▶ _Work item_
The answer should reproduce the listing below character for character.

▶ _Material provided_
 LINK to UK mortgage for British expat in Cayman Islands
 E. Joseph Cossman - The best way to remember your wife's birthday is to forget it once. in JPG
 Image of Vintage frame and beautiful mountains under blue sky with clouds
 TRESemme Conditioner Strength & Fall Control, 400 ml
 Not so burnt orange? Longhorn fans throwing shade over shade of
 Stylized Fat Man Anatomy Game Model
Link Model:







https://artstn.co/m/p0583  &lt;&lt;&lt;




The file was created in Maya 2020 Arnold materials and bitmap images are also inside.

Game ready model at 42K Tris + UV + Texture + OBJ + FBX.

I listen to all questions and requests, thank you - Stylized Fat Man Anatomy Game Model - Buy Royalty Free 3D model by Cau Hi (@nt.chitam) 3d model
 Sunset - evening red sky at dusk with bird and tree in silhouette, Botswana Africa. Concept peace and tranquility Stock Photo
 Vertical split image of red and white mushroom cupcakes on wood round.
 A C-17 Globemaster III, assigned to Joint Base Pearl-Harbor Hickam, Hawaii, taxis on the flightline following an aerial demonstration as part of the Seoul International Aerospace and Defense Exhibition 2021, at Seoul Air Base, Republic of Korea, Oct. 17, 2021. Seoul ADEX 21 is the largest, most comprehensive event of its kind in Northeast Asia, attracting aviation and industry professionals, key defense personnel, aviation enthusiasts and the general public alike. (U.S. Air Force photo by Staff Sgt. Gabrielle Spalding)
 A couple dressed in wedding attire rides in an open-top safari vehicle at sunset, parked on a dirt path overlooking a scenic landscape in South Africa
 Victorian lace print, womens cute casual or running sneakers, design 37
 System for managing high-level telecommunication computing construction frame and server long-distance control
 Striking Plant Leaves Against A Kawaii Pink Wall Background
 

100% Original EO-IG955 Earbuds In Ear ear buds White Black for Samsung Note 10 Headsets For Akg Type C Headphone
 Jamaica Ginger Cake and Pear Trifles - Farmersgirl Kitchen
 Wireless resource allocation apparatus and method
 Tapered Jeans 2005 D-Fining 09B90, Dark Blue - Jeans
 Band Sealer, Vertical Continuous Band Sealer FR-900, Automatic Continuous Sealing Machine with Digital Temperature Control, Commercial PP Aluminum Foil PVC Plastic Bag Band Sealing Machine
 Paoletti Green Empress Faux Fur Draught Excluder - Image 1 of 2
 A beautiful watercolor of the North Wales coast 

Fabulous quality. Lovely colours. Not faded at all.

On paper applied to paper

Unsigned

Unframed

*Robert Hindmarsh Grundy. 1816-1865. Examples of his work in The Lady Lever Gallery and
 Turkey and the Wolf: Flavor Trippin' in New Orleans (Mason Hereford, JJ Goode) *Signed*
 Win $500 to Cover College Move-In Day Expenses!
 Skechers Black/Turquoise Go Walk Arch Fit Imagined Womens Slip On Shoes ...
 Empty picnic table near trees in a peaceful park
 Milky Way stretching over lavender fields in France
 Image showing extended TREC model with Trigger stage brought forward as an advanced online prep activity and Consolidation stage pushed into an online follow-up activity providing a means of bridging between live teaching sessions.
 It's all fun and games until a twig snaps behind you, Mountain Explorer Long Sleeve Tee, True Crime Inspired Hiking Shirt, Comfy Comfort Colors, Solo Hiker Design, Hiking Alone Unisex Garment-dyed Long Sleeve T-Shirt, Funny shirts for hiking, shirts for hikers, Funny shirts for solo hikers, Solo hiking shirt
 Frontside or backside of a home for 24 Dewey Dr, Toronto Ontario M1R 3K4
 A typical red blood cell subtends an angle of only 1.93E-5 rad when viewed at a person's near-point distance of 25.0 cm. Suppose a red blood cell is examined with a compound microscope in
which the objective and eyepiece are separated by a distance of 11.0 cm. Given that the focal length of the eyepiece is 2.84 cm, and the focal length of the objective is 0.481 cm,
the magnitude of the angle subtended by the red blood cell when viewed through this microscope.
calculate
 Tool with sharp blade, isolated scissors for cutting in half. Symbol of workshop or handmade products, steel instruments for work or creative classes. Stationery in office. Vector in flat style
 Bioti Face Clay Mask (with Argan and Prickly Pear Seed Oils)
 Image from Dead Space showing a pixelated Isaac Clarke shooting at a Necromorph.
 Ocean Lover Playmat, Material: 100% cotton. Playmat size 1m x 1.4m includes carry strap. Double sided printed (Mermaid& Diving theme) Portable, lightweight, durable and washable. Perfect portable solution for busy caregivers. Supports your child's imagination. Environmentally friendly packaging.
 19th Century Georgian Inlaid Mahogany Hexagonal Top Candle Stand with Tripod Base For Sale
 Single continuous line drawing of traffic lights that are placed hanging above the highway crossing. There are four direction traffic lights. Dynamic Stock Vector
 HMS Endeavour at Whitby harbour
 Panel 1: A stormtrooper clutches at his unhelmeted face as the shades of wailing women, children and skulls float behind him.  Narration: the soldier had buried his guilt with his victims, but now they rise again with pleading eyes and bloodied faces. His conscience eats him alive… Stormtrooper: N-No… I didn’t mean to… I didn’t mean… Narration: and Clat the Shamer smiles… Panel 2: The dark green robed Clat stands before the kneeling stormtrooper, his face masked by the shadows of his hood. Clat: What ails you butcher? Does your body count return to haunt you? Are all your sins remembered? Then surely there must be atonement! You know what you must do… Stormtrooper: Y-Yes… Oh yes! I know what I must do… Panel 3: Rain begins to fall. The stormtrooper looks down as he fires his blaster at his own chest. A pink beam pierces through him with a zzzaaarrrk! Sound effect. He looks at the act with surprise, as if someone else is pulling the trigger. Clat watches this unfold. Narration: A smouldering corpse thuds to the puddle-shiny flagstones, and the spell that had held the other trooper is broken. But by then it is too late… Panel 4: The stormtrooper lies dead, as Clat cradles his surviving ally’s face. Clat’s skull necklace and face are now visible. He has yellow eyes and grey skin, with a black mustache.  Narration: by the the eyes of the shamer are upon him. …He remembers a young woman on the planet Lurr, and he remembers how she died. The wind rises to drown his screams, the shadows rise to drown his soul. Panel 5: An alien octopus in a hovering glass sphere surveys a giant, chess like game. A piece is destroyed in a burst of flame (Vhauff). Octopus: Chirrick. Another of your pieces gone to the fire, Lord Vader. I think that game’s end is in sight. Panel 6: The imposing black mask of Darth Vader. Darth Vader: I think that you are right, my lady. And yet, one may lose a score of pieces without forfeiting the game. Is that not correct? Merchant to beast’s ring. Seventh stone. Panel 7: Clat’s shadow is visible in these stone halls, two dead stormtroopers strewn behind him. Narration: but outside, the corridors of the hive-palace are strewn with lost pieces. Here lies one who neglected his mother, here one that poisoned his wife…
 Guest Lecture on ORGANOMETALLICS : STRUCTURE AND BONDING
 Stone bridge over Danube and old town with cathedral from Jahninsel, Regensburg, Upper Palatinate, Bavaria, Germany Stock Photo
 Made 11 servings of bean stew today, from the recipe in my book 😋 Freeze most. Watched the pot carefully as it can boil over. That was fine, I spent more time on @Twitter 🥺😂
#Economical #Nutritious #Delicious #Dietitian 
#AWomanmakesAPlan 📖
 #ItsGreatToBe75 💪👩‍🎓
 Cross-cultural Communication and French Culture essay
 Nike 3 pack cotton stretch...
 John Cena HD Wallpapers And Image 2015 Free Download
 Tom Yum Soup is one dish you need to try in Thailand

▶ _Solution for this exercise_
 LINK to UK mortgage for British expat in Cayman Islands
 E. Joseph Cossman - The best way to remember your wife's birthday is to forget it once. in JPG
 Image of Vintage frame and beautiful mountains under blue sky with clouds
 TRESemme Conditioner Strength & Fall Control, 400 ml
 Not so burnt orange? Longhorn fans throwing shade over shade of
 Stylized Fat Man Anatomy Game Model
Link Model:







https://artstn.co/m/p0583  &lt;&lt;&lt;




The file was created in Maya 2020 Arnold materials and bitmap images are also inside.

Game ready model at 42K Tris + UV + Texture + OBJ + FBX.

I listen to all questions and requests, thank you - Stylized Fat Man Anatomy Game Model - Buy Royalty Free 3D model by Cau Hi (@nt.chitam) 3d model
 Sunset - evening red sky at dusk with bird and tree in silhouette, Botswana Africa. Concept peace and tranquility Stock Photo
 Vertical split image of red and white mushroom cupcakes on wood round.
 A C-17 Globemaster III, assigned to Joint Base Pearl-Harbor Hickam, Hawaii, taxis on the flightline following an aerial demonstration as part of the Seoul International Aerospace and Defense Exhibition 2021, at Seoul Air Base, Republic of Korea, Oct. 17, 2021. Seoul ADEX 21 is the largest, most comprehensive event of its kind in Northeast Asia, attracting aviation and industry professionals, key defense personnel, aviation enthusiasts and the general public alike. (U.S. Air Force photo by Staff Sgt. Gabrielle Spalding)
 A couple dressed in wedding attire rides in an open-top safari vehicle at sunset, parked on a dirt path overlooking a scenic landscape in South Africa
 Victorian lace print, womens cute casual or running sneakers, design 37
 System for managing high-level telecommunication computing construction frame and server long-distance control
 Striking Plant Leaves Against A Kawaii Pink Wall Background
 

100% Original EO-IG955 Earbuds In Ear ear buds White Black for Samsung Note 10 Headsets For Akg Type C Headphone
 Jamaica Ginger Cake and Pear Trifles - Farmersgirl Kitchen
 Wireless resource allocation apparatus and method
 Tapered Jeans 2005 D-Fining 09B90, Dark Blue - Jeans
 Band Sealer, Vertical Continuous Band Sealer FR-900, Automatic Continuous Sealing Machine with Digital Temperature Control, Commercial PP Aluminum Foil PVC Plastic Bag Band Sealing Machine
 Paoletti Green Empress Faux Fur Draught Excluder - Image 1 of 2
 A beautiful watercolor of the North Wales coast 

Fabulous quality. Lovely colours. Not faded at all.

On paper applied to paper

Unsigned

Unframed

*Robert Hindmarsh Grundy. 1816-1865. Examples of his work in The Lady Lever Gallery and
 Turkey and the Wolf: Flavor Trippin' in New Orleans (Mason Hereford, JJ Goode) *Signed*
 Win $500 to Cover College Move-In Day Expenses!
 Skechers Black/Turquoise Go Walk Arch Fit Imagined Womens Slip On Shoes ...
 Empty picnic table near trees in a peaceful park
 Milky Way stretching over lavender fields in France
 Image showing extended TREC model with Trigger stage brought forward as an advanced online prep activity and Consolidation stage pushed into an online follow-up activity providing a means of bridging between live teaching sessions.
 It's all fun and games until a twig snaps behind you, Mountain Explorer Long Sleeve Tee, True Crime Inspired Hiking Shirt, Comfy Comfort Colors, Solo Hiker Design, Hiking Alone Unisex Garment-dyed Long Sleeve T-Shirt, Funny shirts for hiking, shirts for hikers, Funny shirts for solo hikers, Solo hiking shirt
 Frontside or backside of a home for 24 Dewey Dr, Toronto Ontario M1R 3K4
 A typical red blood cell subtends an angle of only 1.93E-5 rad when viewed at a person's near-point distance of 25.0 cm. Suppose a red blood cell is examined with a compound microscope in
which the objective and eyepiece are separated by a distance of 11.0 cm. Given that the focal length of the eyepiece is 2.84 cm, and the focal length of the objective is 0.481 cm,
the magnitude of the angle subtended by the red blood cell when viewed through this microscope.
calculate
 Tool with sharp blade, isolated scissors for cutting in half. Symbol of workshop or handmade products, steel instruments for work or creative classes. Stationery in office. Vector in flat style
 Bioti Face Clay Mask (with Argan and Prickly Pear Seed Oils)
 Image from Dead Space showing a pixelated Isaac Clarke shooting at a Necromorph.
 Ocean Lover Playmat, Material: 100% cotton. Playmat size 1m x 1.4m includes carry strap. Double sided printed (Mermaid& Diving theme) Portable, lightweight, durable and washable. Perfect portable solution for busy caregivers. Supports your child's imagination. Environmentally friendly packaging.
 19th Century Georgian Inlaid Mahogany Hexagonal Top Candle Stand with Tripod Base For Sale
 Single continuous line drawing of traffic lights that are placed hanging above the highway crossing. There are four direction traffic lights. Dynamic Stock Vector
 HMS Endeavour at Whitby harbour
 Panel 1: A stormtrooper clutches at his unhelmeted face as the shades of wailing women, children and skulls float behind him.  Narration: the soldier had buried his guilt with his victims, but now they rise again with pleading eyes and bloodied faces. His conscience eats him alive… Stormtrooper: N-No… I didn’t mean to… I didn’t mean… Narration: and Clat the Shamer smiles… Panel 2: The dark green robed Clat stands before the kneeling stormtrooper, his face masked by the shadows of his hood. Clat: What ails you butcher? Does your body count return to haunt you? Are all your sins remembered? Then surely there must be atonement! You know what you must do… Stormtrooper: Y-Yes… Oh yes! I know what I must do… Panel 3: Rain begins to fall. The stormtrooper looks down as he fires his blaster at his own chest. A pink beam pierces through him with a zzzaaarrrk! Sound effect. He looks at the act with surprise, as if someone else is pulling the trigger. Clat watches this unfold. Narration: A smouldering corpse thuds to the puddle-shiny flagstones, and the spell that had held the other trooper is broken. But by then it is too late… Panel 4: The stormtrooper lies dead, as Clat cradles his surviving ally’s face. Clat’s skull necklace and face are now visible. He has yellow eyes and grey skin, with a black mustache.  Narration: by the the eyes of the shamer are upon him. …He remembers a young woman on the planet Lurr, and he remembers how she died. The wind rises to drown his screams, the shadows rise to drown his soul. Panel 5: An alien octopus in a hovering glass sphere surveys a giant, chess like game. A piece is destroyed in a burst of flame (Vhauff). Octopus: Chirrick. Another of your pieces gone to the fire, Lord Vader. I think that game’s end is in sight. Panel 6: The imposing black mask of Darth Vader. Darth Vader: I think that you are right, my lady. And yet, one may lose a score of pieces without forfeiting the game. Is that not correct? Merchant to beast’s ring. Seventh stone. Panel 7: Clat’s shadow is visible in these stone halls, two dead stormtroopers strewn behind him. Narration: but outside, the corridors of the hive-palace are strewn with lost pieces. Here lies one who neglected his mother, here one that poisoned his wife…
 Guest Lecture on ORGANOMETALLICS : STRUCTURE AND BONDING
 Stone bridge over Danube and old town with cathedral from Jahninsel, Regensburg, Upper Palatinate, Bavaria, Germany Stock Photo
 Made 11 servings of bean stew today, from the recipe in my book 😋 Freeze most. Watched the pot carefully as it can boil over. That was fine, I spent more time on @Twitter 🥺😂
#Economical #Nutritious #Delicious #Dietitian 
#AWomanmakesAPlan 📖
 #ItsGreatToBe75 💪👩‍🎓
 Cross-cultural Communication and French Culture essay
 Nike 3 pack cotton stretch...
 John Cena HD Wallpapers And Image 2015 Free Download
 Tom Yum Soup is one dish you need to try in Thailand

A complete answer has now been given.